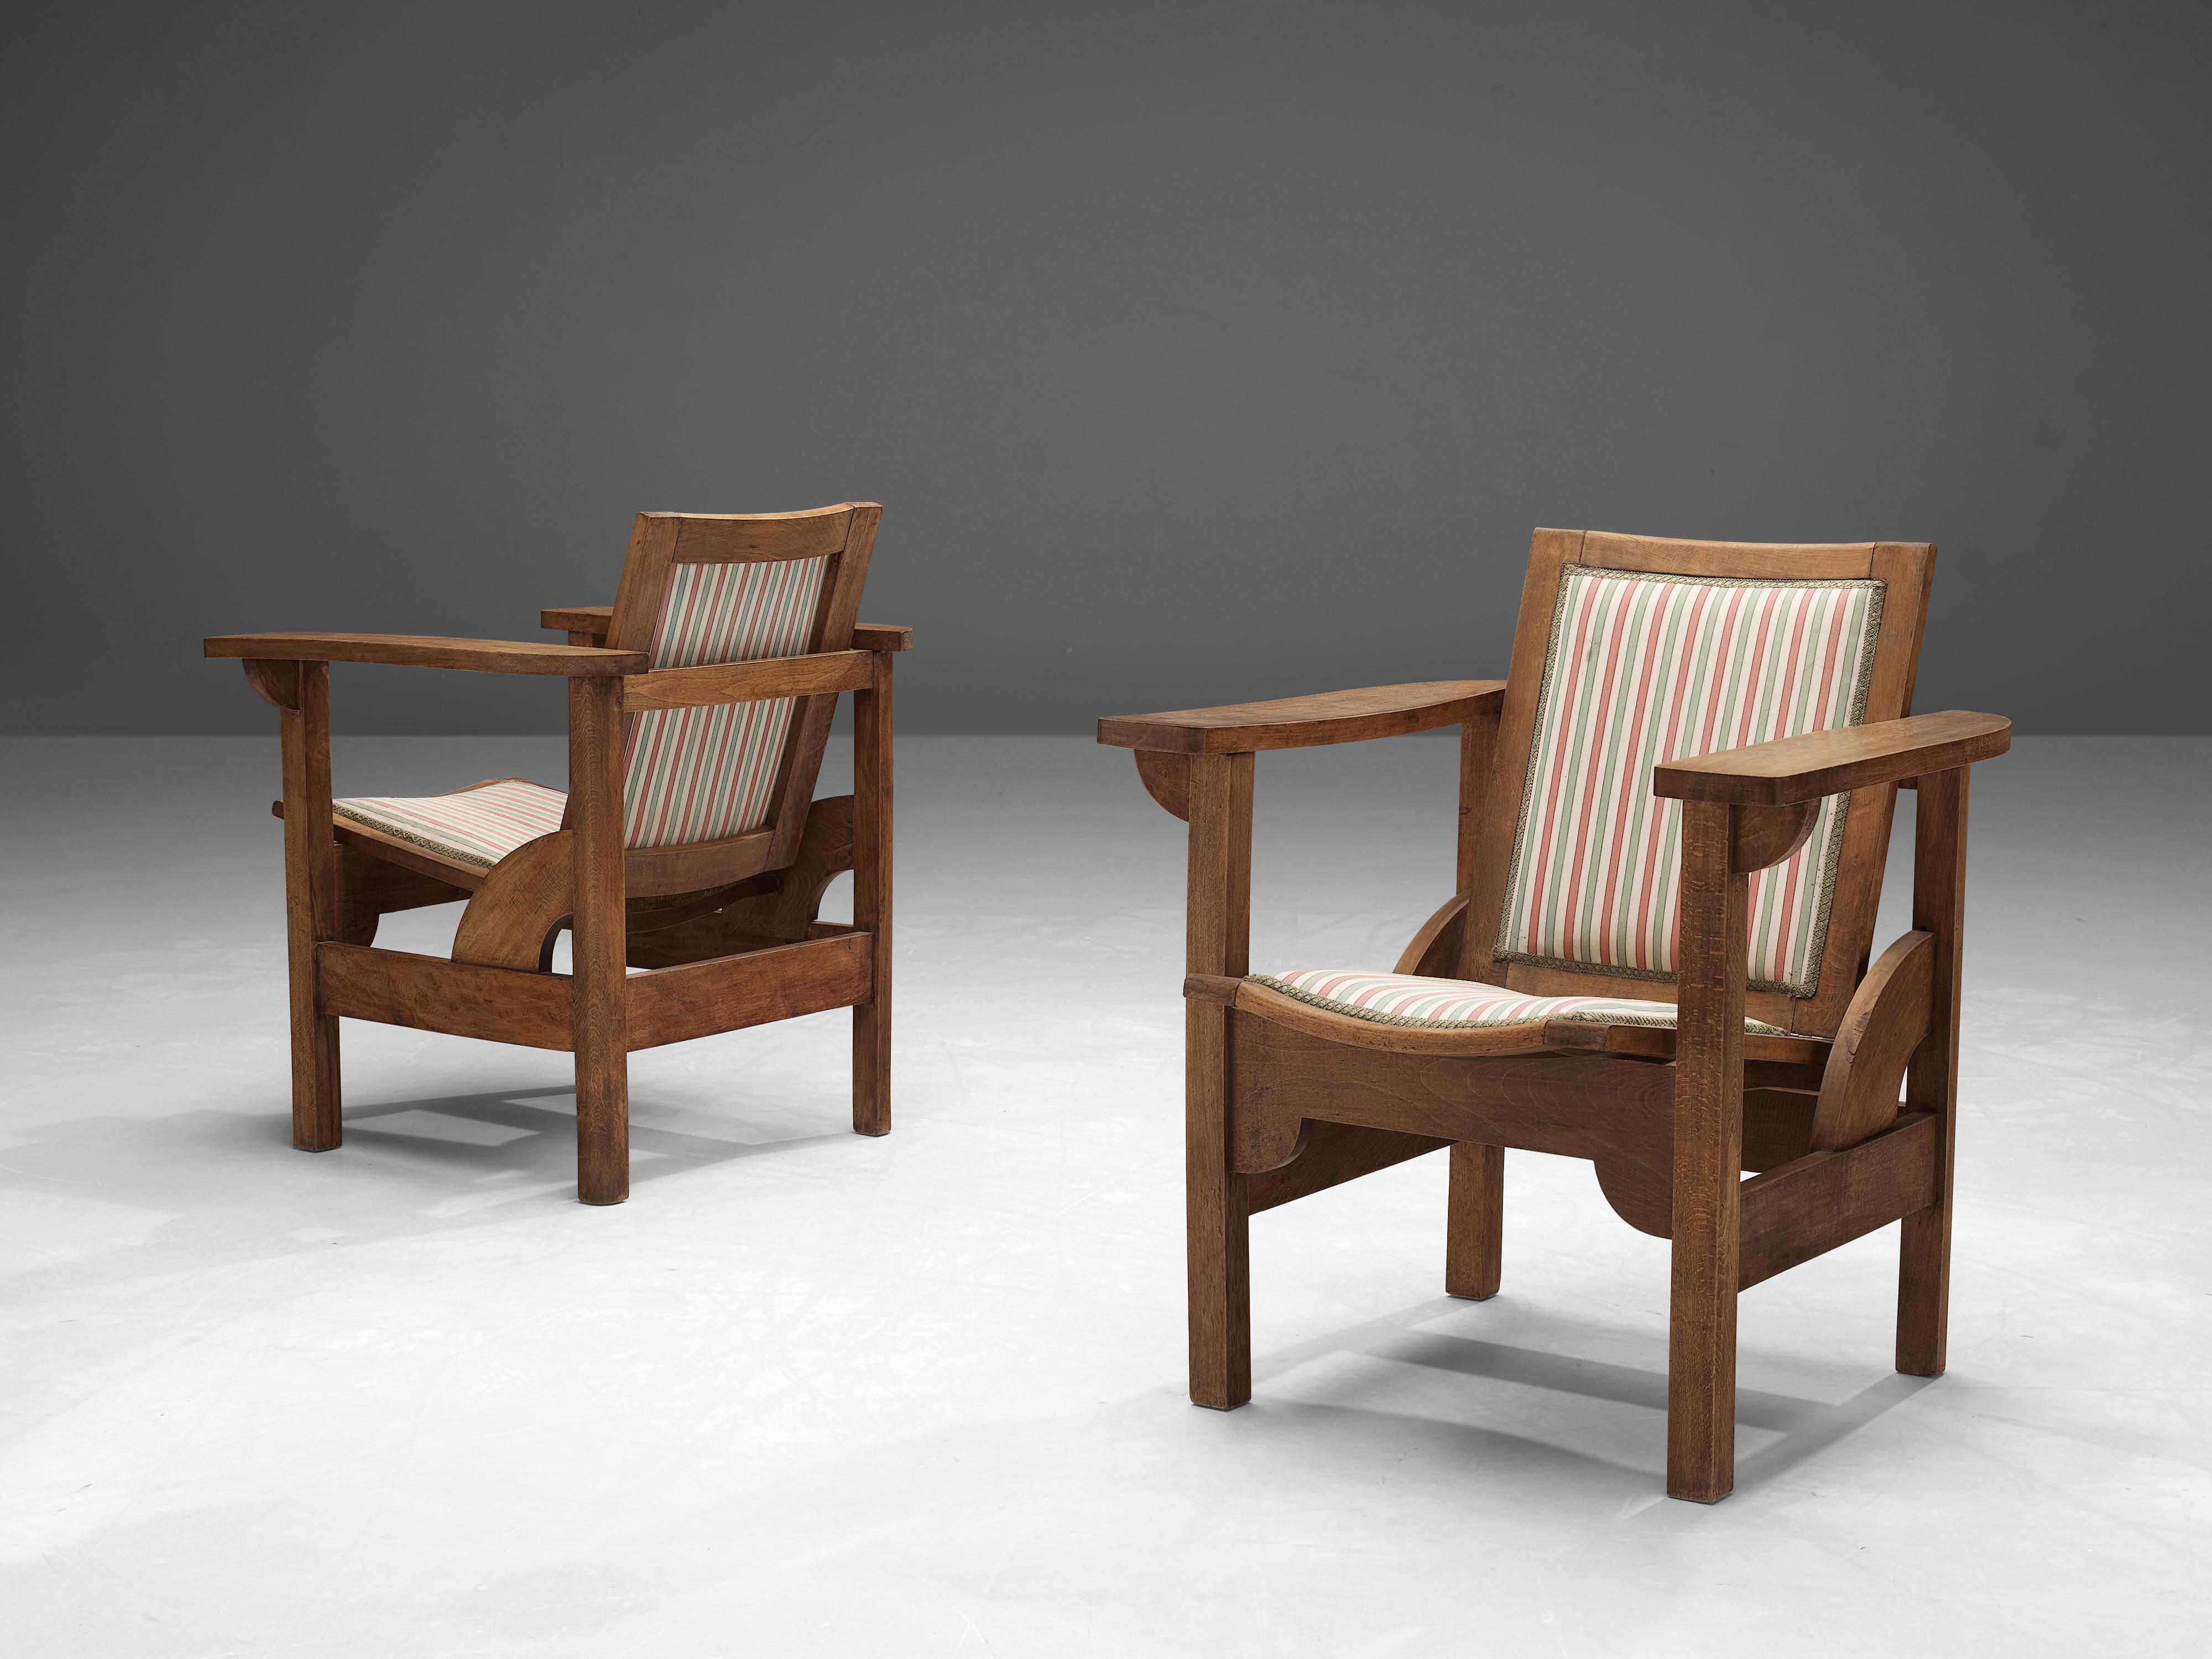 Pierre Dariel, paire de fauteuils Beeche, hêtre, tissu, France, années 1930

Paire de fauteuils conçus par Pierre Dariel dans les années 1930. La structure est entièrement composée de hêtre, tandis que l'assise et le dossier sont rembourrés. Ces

§ §

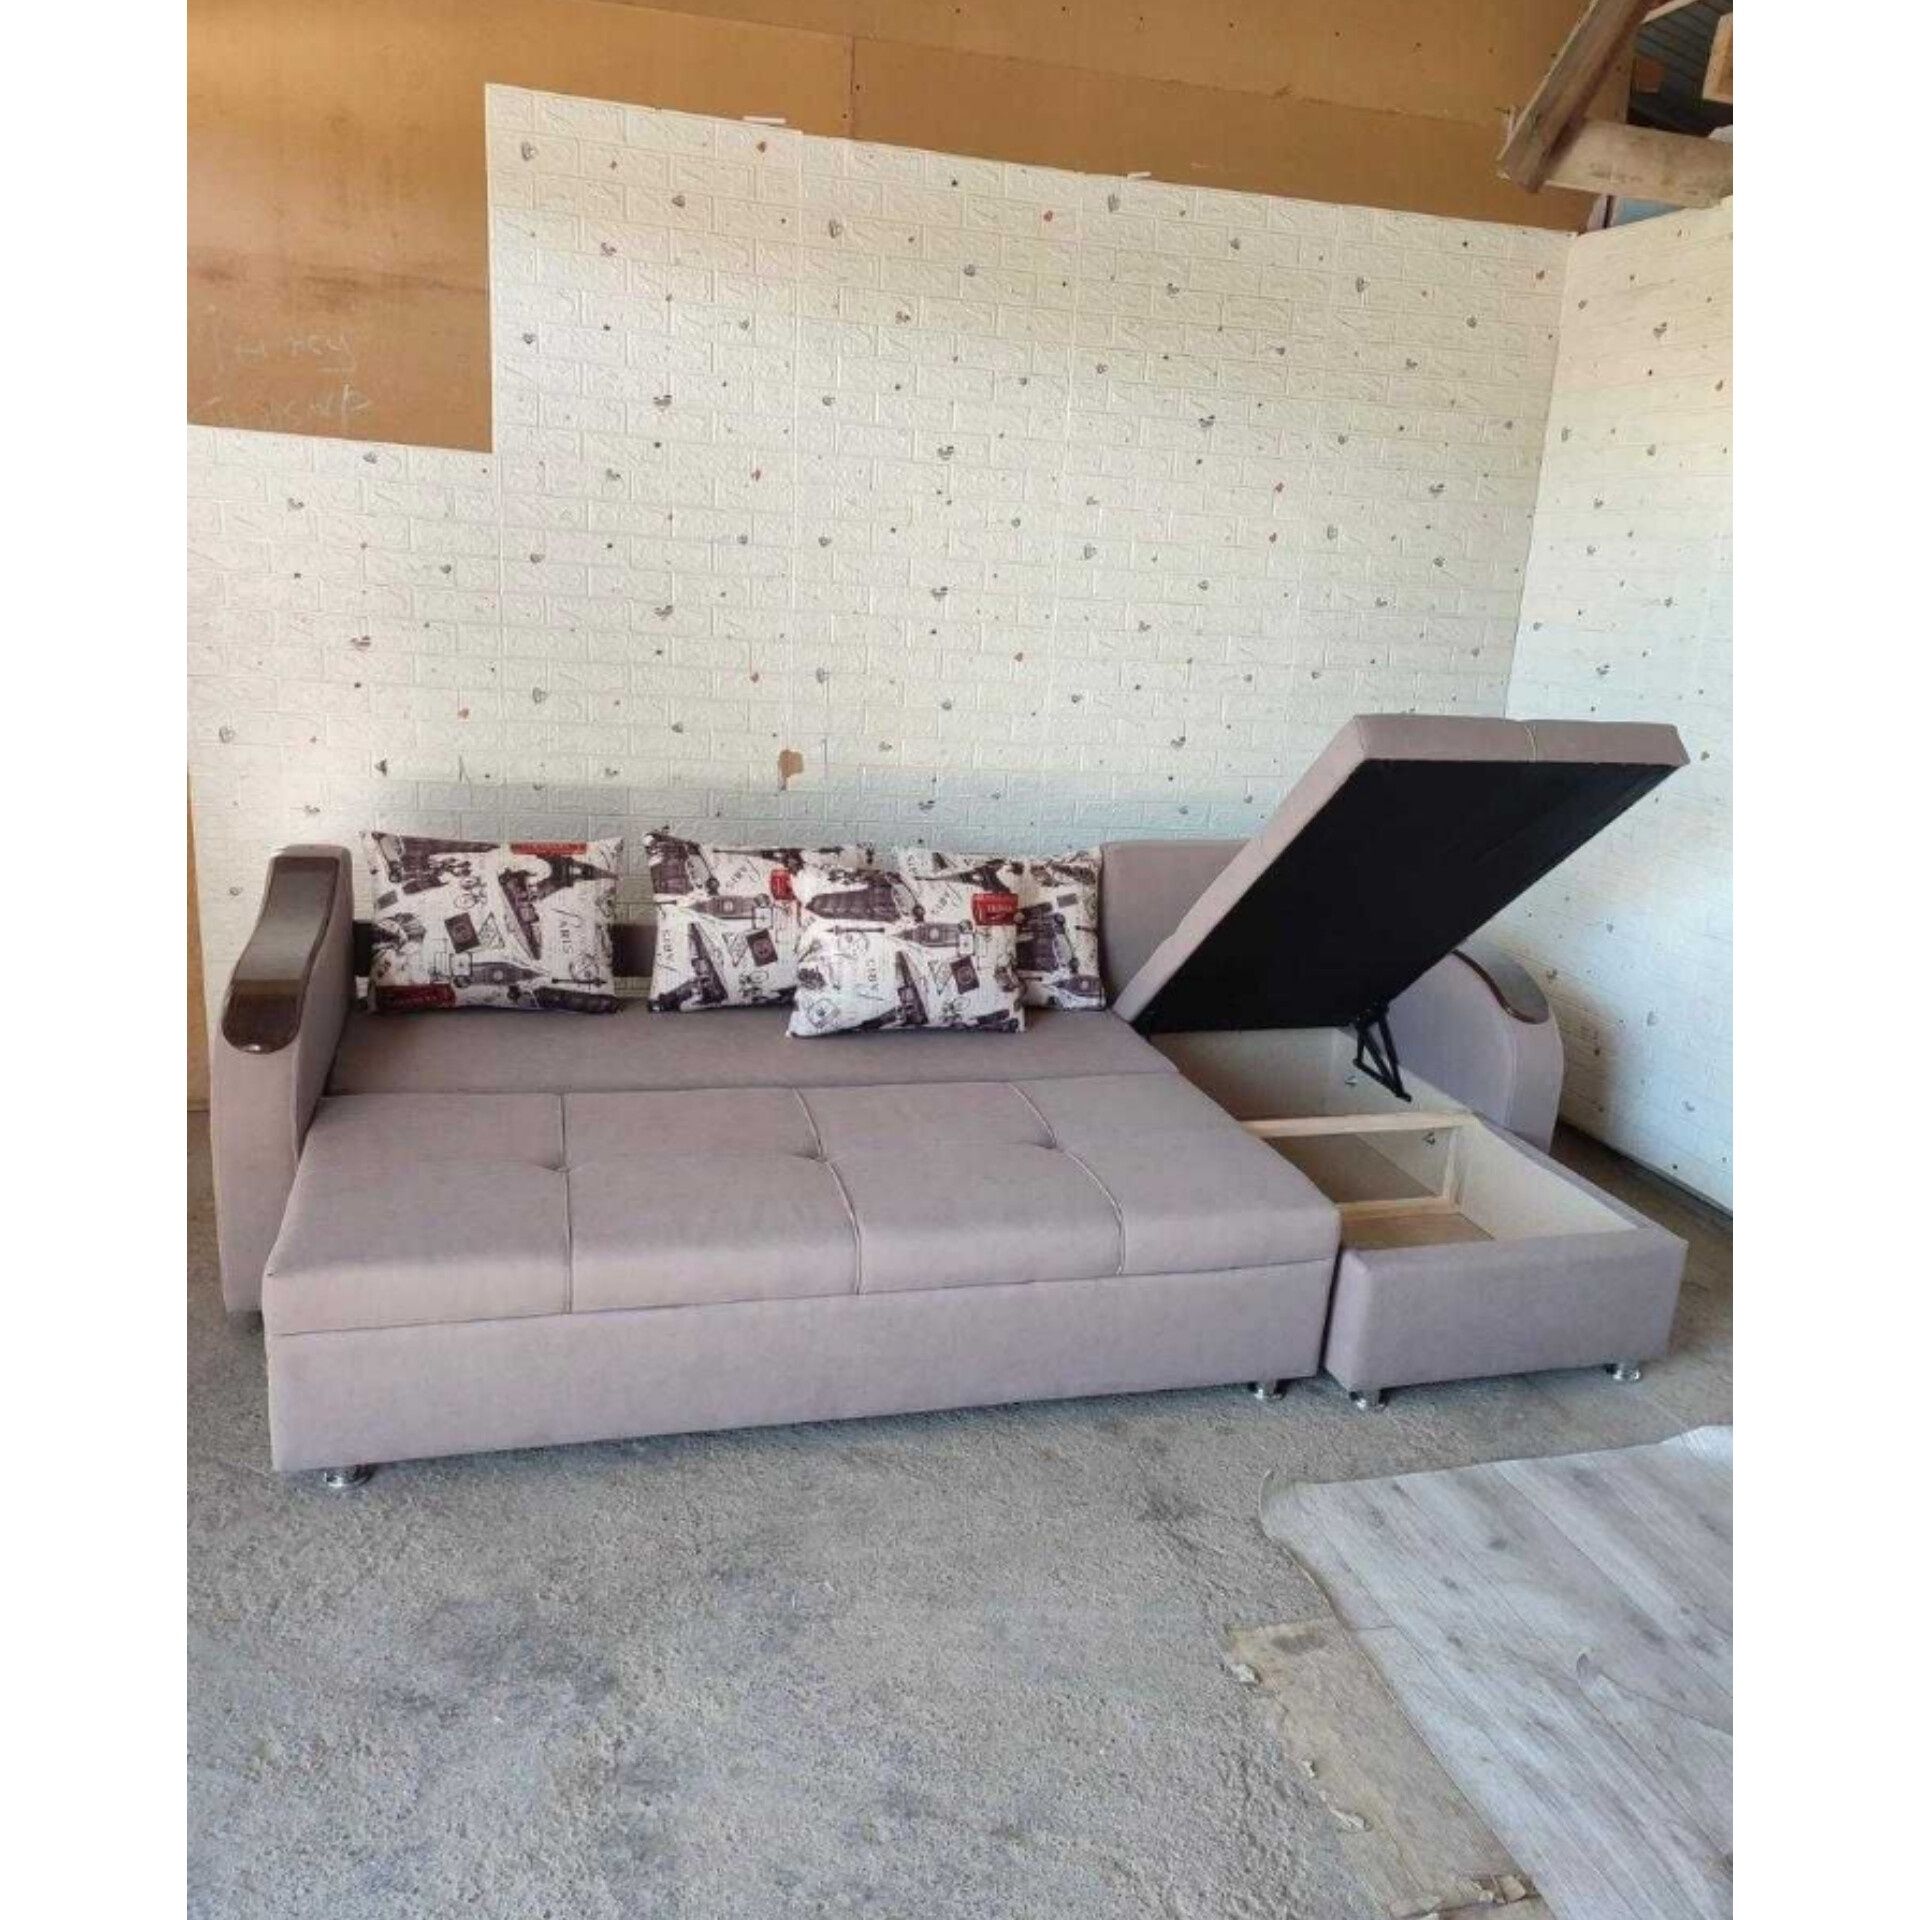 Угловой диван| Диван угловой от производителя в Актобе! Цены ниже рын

§ §

◆ **Work request**: Above are the records. Copy only the lines from the one with "Pierre Dariel, paire" through the one with "Paire de fauteuils conçus", exactly, with no pictures.

◆ **Solution to this exercise**:
 Pierre Dariel, paire de fauteuils Beeche, hêtre, tissu, France, années 1930

Paire de fauteuils conçus par Pierre Dariel dans les années 1930. La structure est entièrement composée de hêtre, tandis que l'assise et le dossier sont rembourrés. Ces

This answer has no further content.